In Positron Emission Tomography (PET), short-lived radioisotopes such as Fluorine-18 (18F) are used as a source of positions. These radioactive isotopes are typically produced using electrostatic, cyclotron or linear induction proton accelerators that provide a single particle beam to produce isotopes one target at a time. This technology describes a system to enable increased isotope production by splitting up a single high-energy proton beam, extracted from a single high current accelerator, into multiple beams. The multiple beams can be used with multiple separate targets. Such a system could replace the need to deploy multiple proton accelerators for large-scale radioisotope production.

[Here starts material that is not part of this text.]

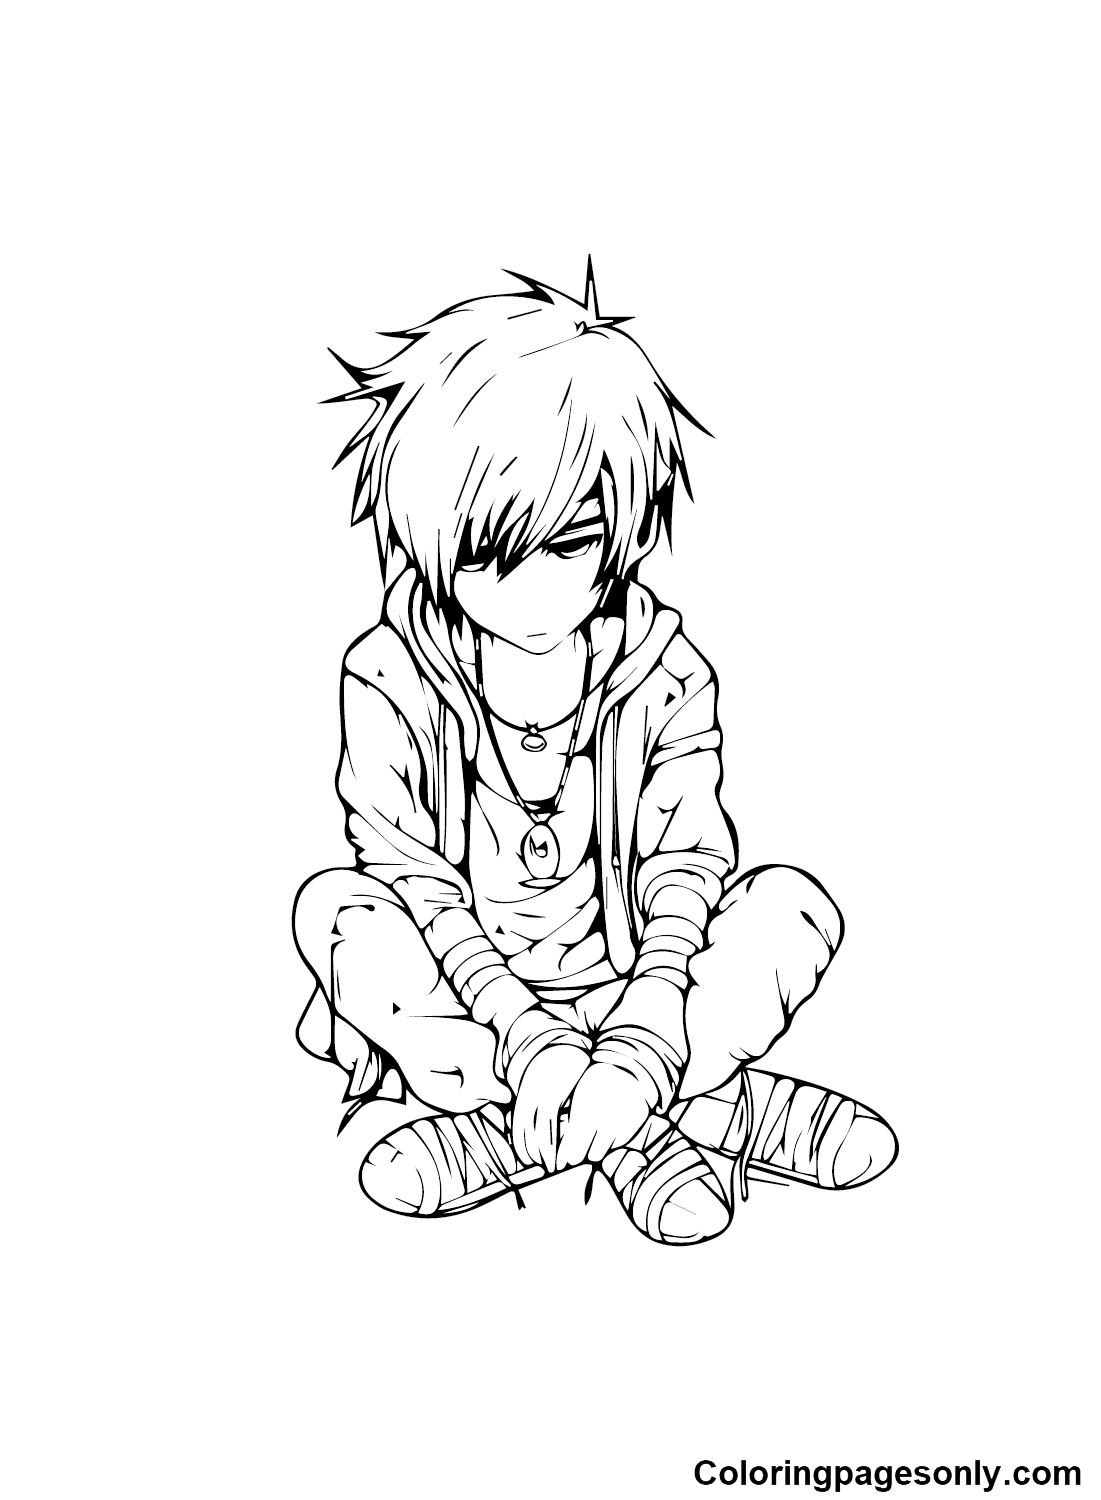 Emo color Sheets Coloring Pages

Typically proton accelerators that provide a single particle beam produce a small number of radioisotopes. This technology increases isotope production by splitting up a single high-energy proton beam extracted from a single high current accelerator into multiple (10 or more) beams that can be used with multiple separate targets. The technology describes two possible methods for splitting the beam depending on type of proton accelerator used: First, a dual-charged geometry that is more suitable for proton accelerators that produce a negatively charged particle beam. Second, a single charge beam splitter that is suitable for a pulsed particle beam of either positive or negative polarity. The separator splits the beam using oscillating (periodically ramping) dipole field synchronized with output pulses of the accelerator.
The technology design and efficacy has been modeled and development of a prototype is underway.
Patent Pending
Tech Ventures Reference: IR 1413